As a caveat though, the England team lost the ODI series against India, which just showed that there is a limit to which the healing power of the Indian cricket team works.

  • Tour of Australia, late 2014 and early 2015:

Australia, hosting a cricket world cup for the first time in 23 years, was not exactly very well prepared for the tournament. They had just been drubbed by Pakistan in UAE. Michael Clarke, their captain, was in poor form and had a long running dispute with the cricket board. Their batting order looked fragile. And then, the whole Aussie cricket establishment was shocked by the accidental demise of Phil Hughes on the cricket pitch. But the series against India allowed them to crease over these weaknesses and approach the world cup in full strength. Clarke made a fighting century with a hamstring injury to save his career for the time being. Smith made more runs in the series than Rohit Sharma did in his entire career and settled the question of future captaincy once and for all. Almost all the Australian batsmen came back to runs. Mitchell Johnson regained his mojo. Josh Hazlewood made an impressive debut. And Mitchell Starc showed his abilities in the ODI series. Australia went into the World Cup well prepared and went on to win it, thrashing India along the way, again in the semis.

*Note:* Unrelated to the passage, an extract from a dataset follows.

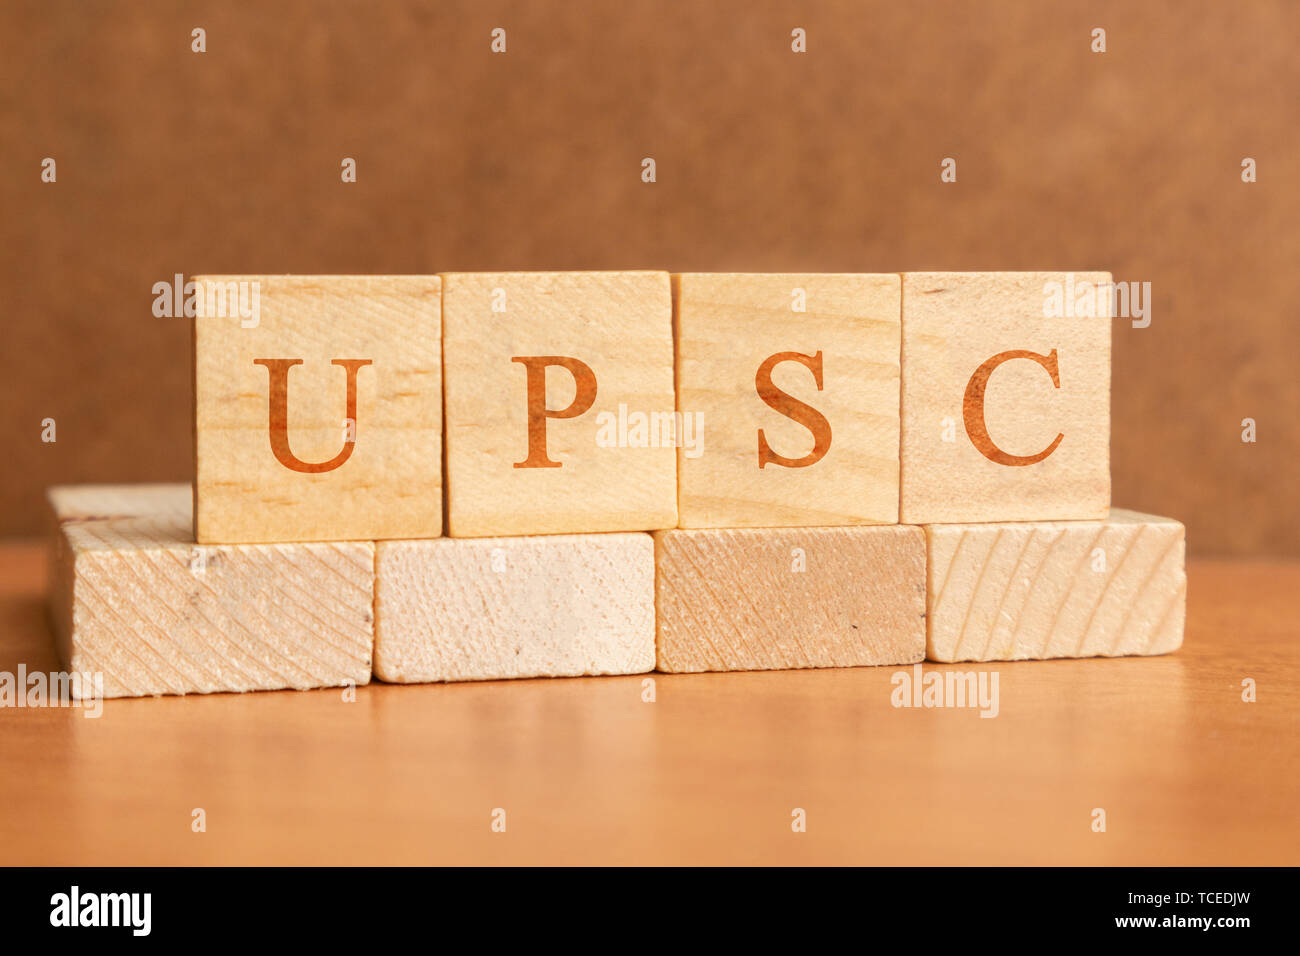 Maski, India 26,May 2019 : UPSC or Union Public Service Commission in wooden block letters. Stock Photo

  • Tour of Bangladesh, mid 2015:

Bangladesh had shown some promise in the World Cup and had defeated Pakistan in a home ODI series. But no one was sure if this was the long overdue coming of an age of a perennially under-performing team or just a flash in the pan. The series with India settled that. After the Test match was washed out, a full strength Indian team went on to lose the ODI series 2-1. And the name of Mustafizur Rahman was added to the long list of international players who can thank their stars for getting the chance to debut against India.

  • Tour of Sri Lanka, mid 2015:

The story that has been told over so many series is again being repeated here. Sri Lanka is no longer the cricketing force it used to be. Jayawardane has already left cricket. Sangakkara is going to leave after this series. Rangana Herath also appears to be in the last stage of his career. No one from the new generation of Sri Lankan cricket, apart from Angelo Mathews, has really impressed a lot of people. They just lost a home series against Pakistan who were in turn embarrassed by Bangladesh not long back. What better way to tide over the crisis than by staging a series against India.

And the Indians have also obliged as always. After having Sri Lanka down in the dumps at the end of the second day, they have allowed them to walk away with the first test match. It is the same thing that happened in Johannesburg, in Wellington, in Melbourne and in Brisbane. This Indian team has done so much to turn around struggling teams that Mitt Romney would be proud of them. They have given their opponents the longest of long ropes, in acts that have looked straight out of the Indian rope trick.

Thankfully for Indian fans though, this disastrous global tour of the Indian cricket team is coming to an end and hopefully, they will start winning some matches in India for a change.